Cette enquête retrouve par ailleurs une répartition des ITK un peu différente de l’étude faite à partir du SNDS en 2013 et 2014. Les patients ayant répondu à l’enquête étaient

plus de dasatinib (18% versus 16%) et plus de bosutinib (5% versus 0,6%) et de ponatinib (1,8% versus 0,5%). Ces deux derniers traitements n’étaient remboursés par l’assurance maladie en 2014 que dans le cadre du dispositif post ATU. Enfin, dans l’enquête 9% des patients ne prenaient plus aucun traitement pour la LMC tandis que le pourcentage de patients identifiés comme ayant une LMC dans le SNDS mais ne consommant pas d’ITK en 2014 était de 13%. Outre une modification de la répartition des différents ITK prescrits au cours du temps, des raisons méthodologiques peuvent expliquer ces différences. Premièrement, dans l’enquête réalisée pour évaluer la qualité de vie des patients, on mesure la proportion de patients traités par un ITK donné au moment du remplissage du questionnaire tandis que dans l’étude sur les données du SNDS, il s’agit du pourcentage de patients ayant reçu au moins une délivrance de l’ITK concerné au cours de l’année 2014. Deuxièmement, alors que l’étude basée sur les données du SNDS correspond à des données nationales, l’enquête sur la qualité de vie été réalisée sur une population sélectionnée de patients (patients susceptibles de répondre à une enquête sur internet, en contact avec une association de patients). Troisièmement, les traitements délivrés dans le cadre d’essai clinique ou à des patients résidant en institution ou en EHPAD ne sont pas identifiables dans le SNDS, ce qui pourrait expliquer en partie la proportion plus élevée de patients ne consommant pas d’ITK en 2014 dans le SNDS par rapport aux données de l’enquête.

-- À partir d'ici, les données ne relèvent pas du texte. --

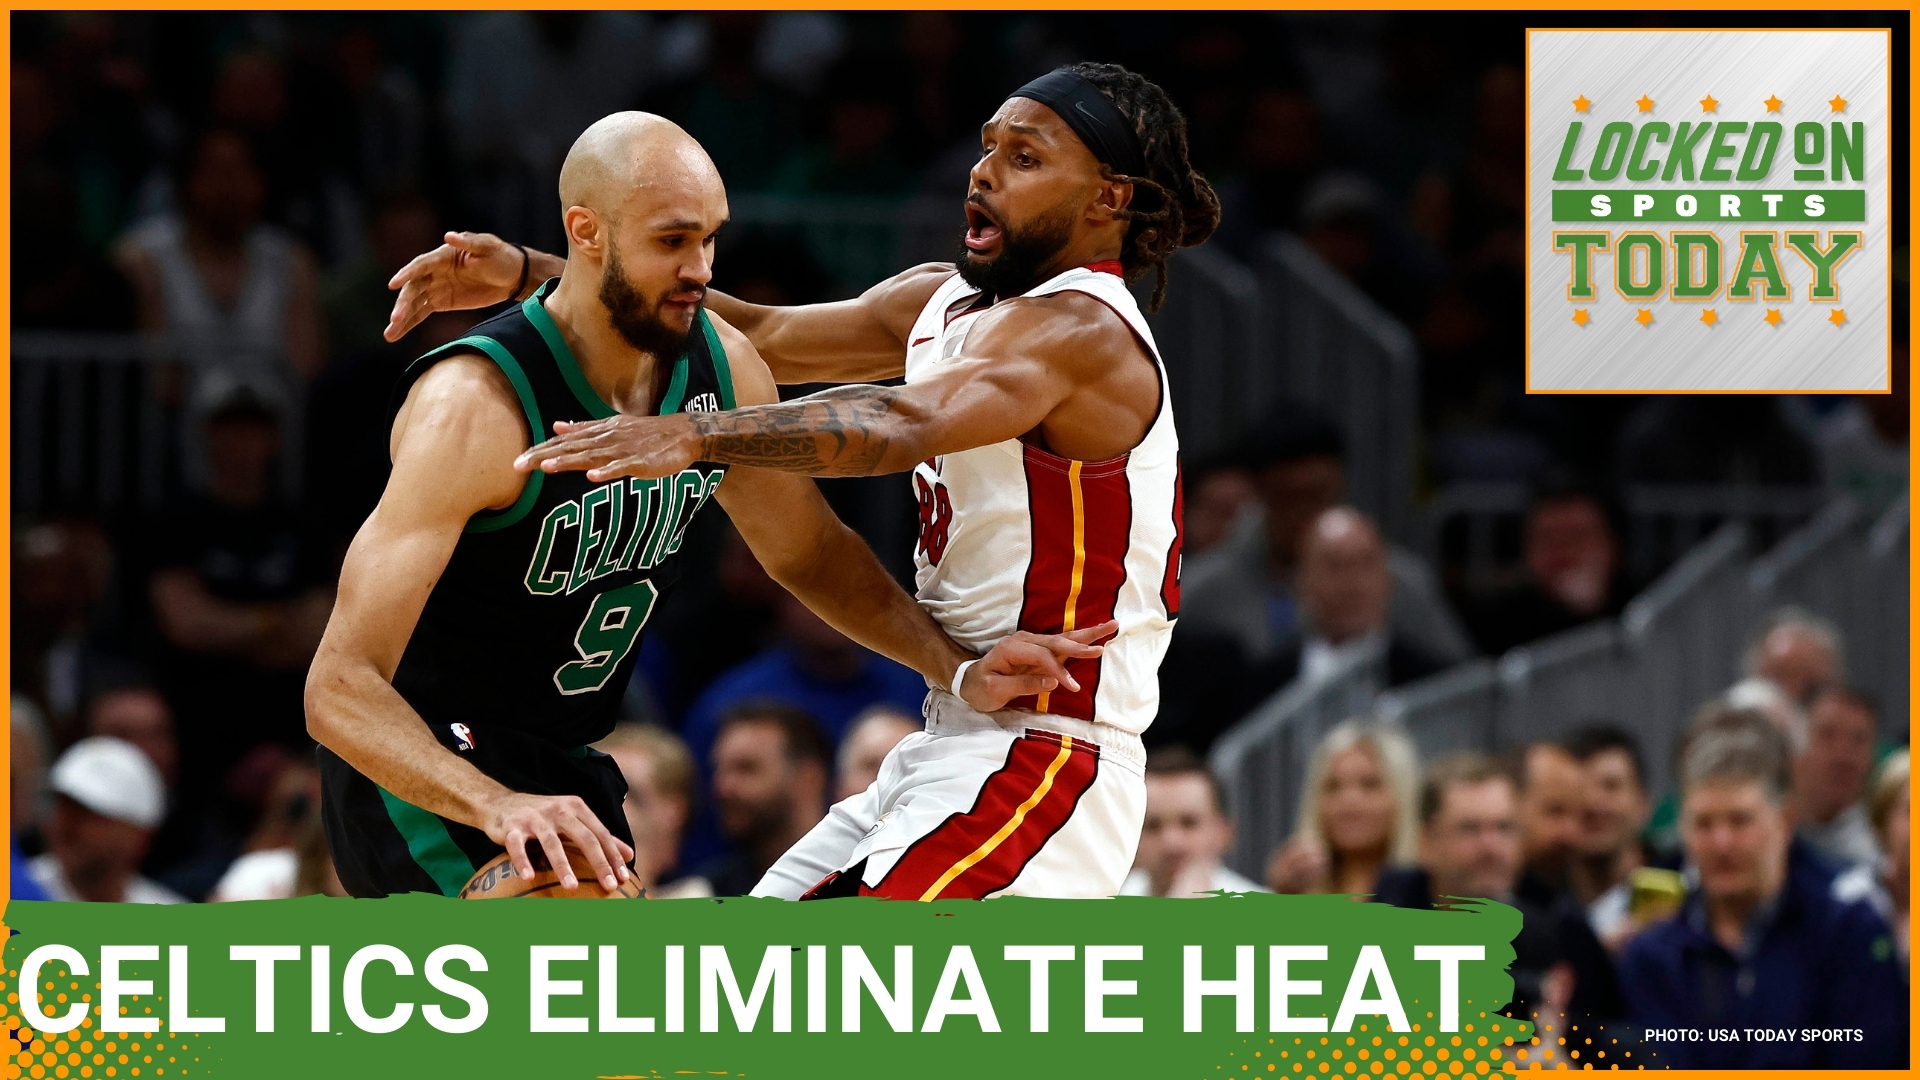 The Miami Heat were eliminated by the Boston Celtics in the NBA Playoffs. Luka Doncic and the Dallas Mavericks are in am amazing series vs the Los Angeles Clippers.
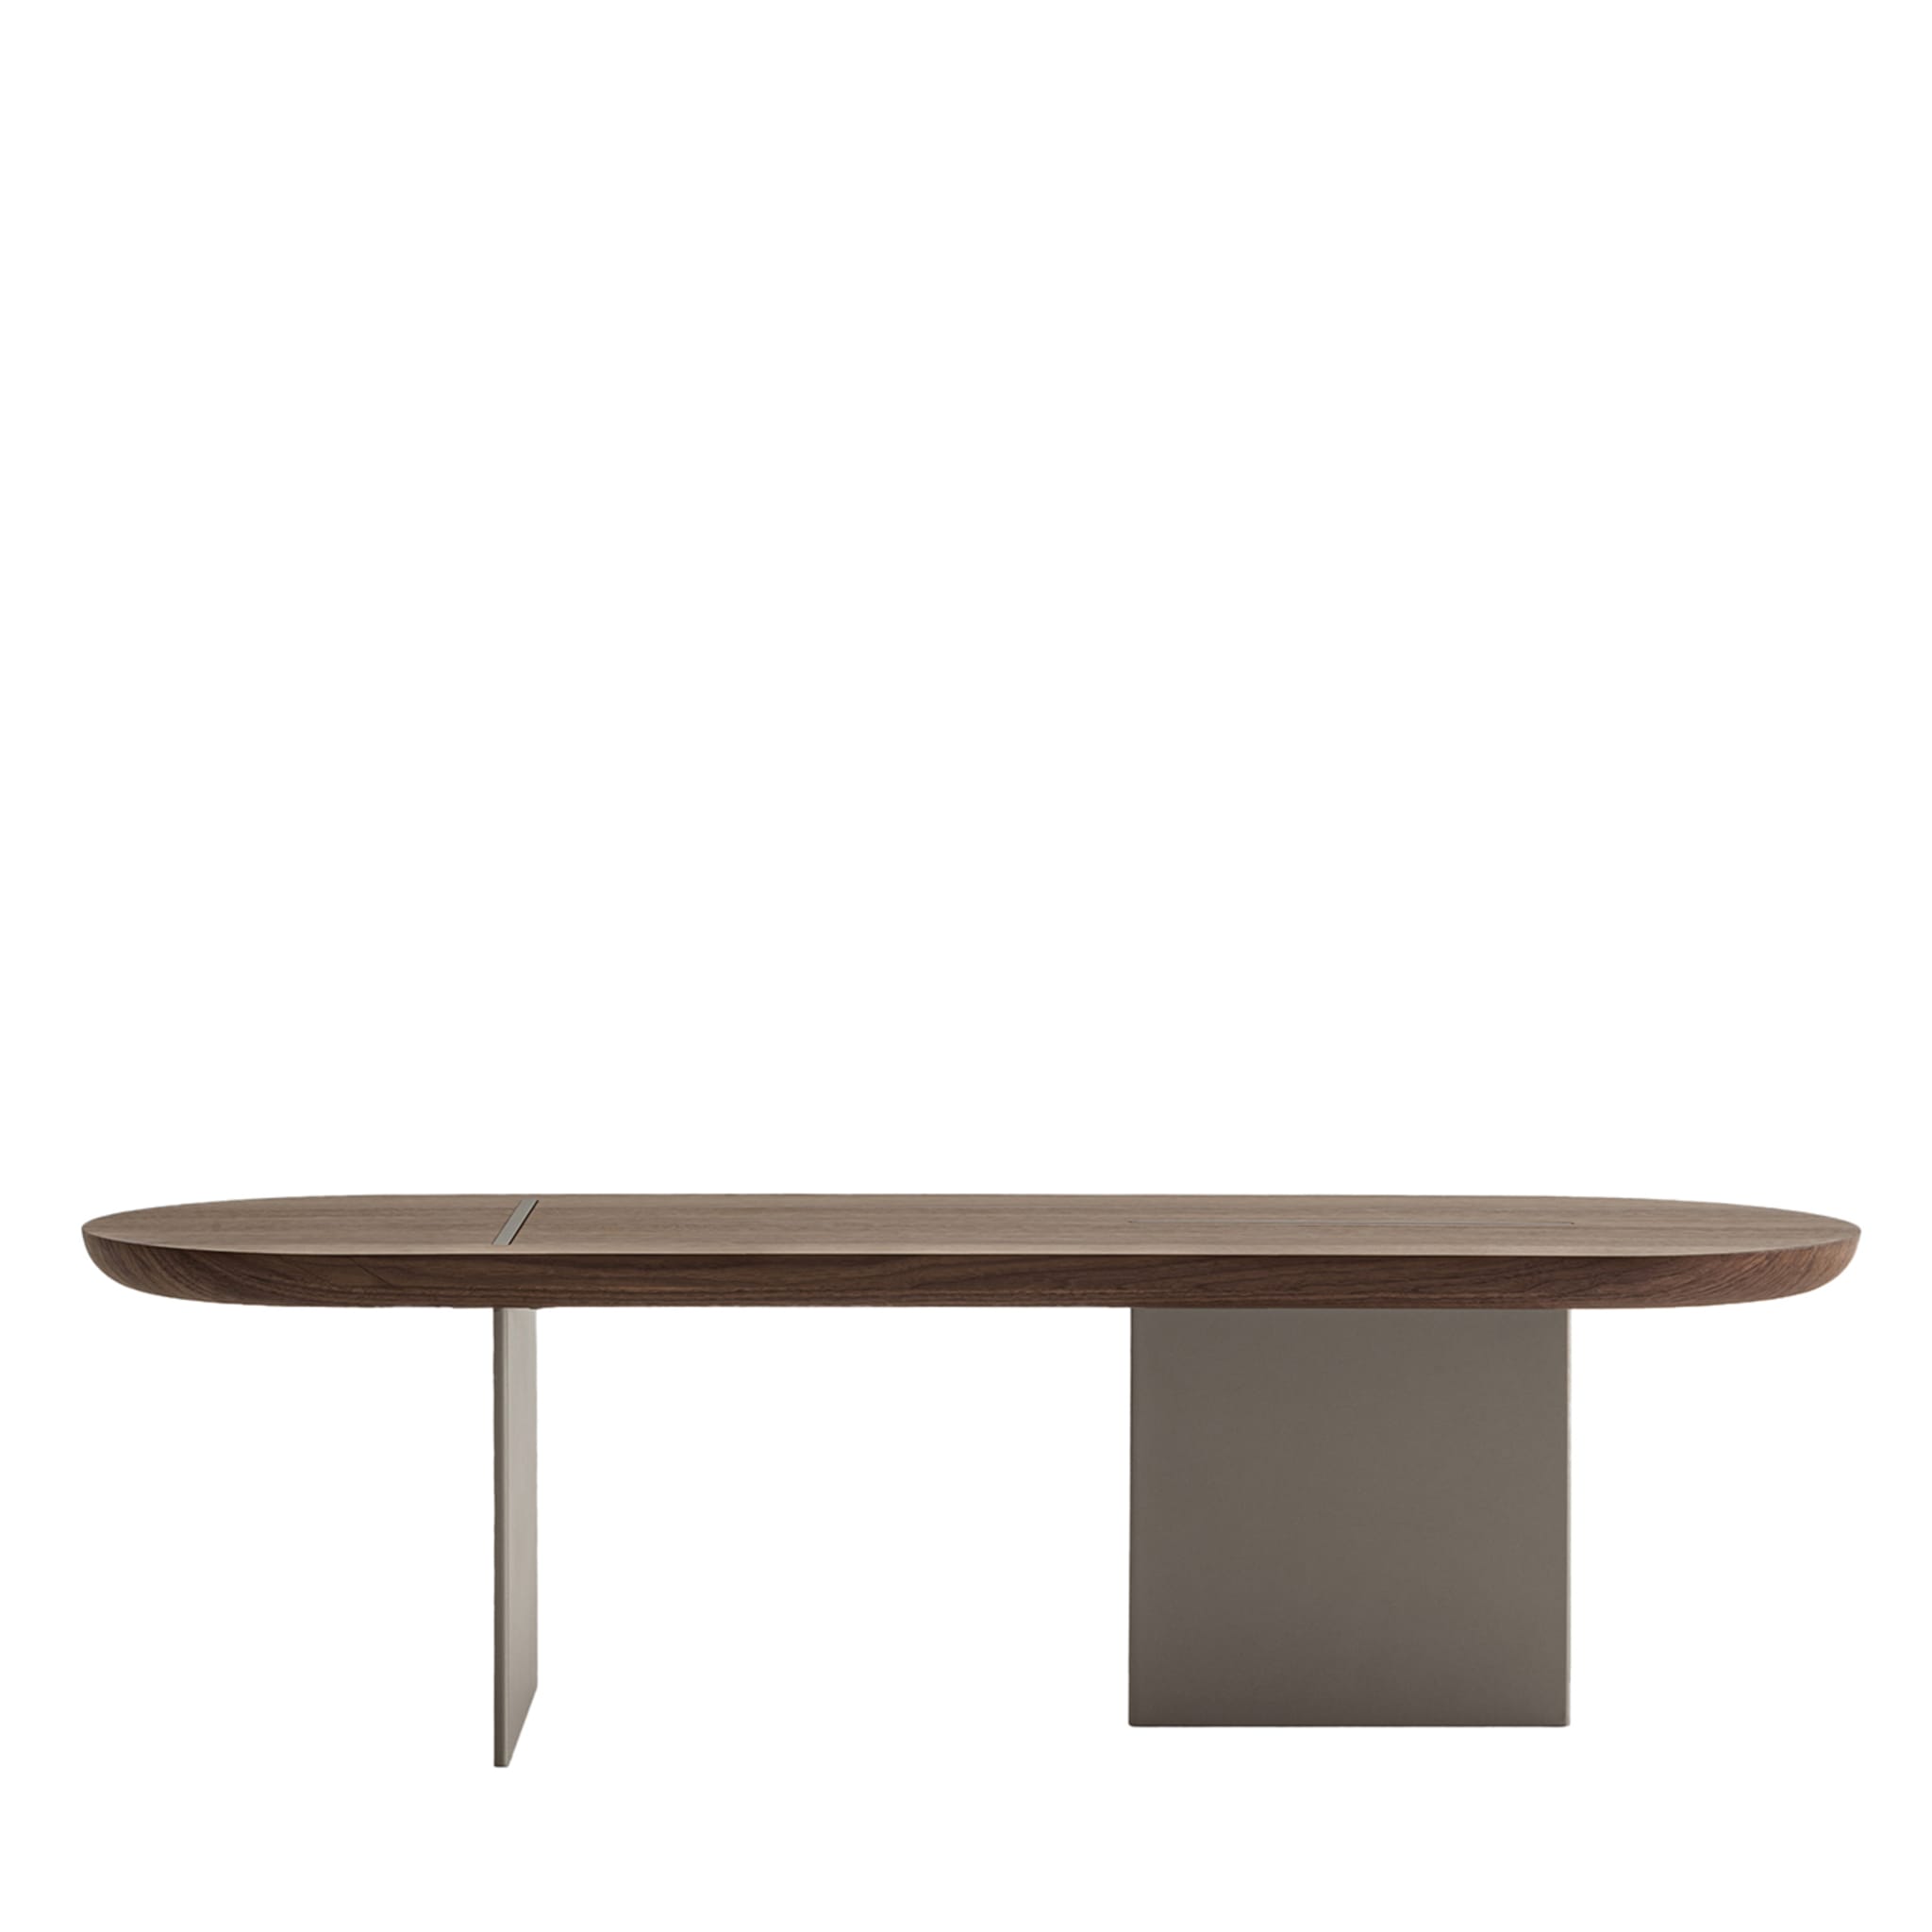 Baguette Tall Rounded Canaletto Walnut Coffee Table - Vue principale

Cette enquête montre que même dans une population de patients, traités en ambulatoire avec un état de santé leur permettant de répondre à un questionnaire électronique, la qualité de vie est altérée par rapport à la population générale, et ce, après prise en compte de l’effet de l’âge et du sexe. Elle montre aussi que le score d’utilité permet de capturer dans une certaine mesure les effets délétères sur la qualité de vie des symptômes liés à la maladie et aux traitements. Enfin, cette enquête fournit des valeurs d’utilité qui pourront être utilisées dans une perspective d’évaluation de l’efficience des stratégies de traitement de la LMC dans le contexte français.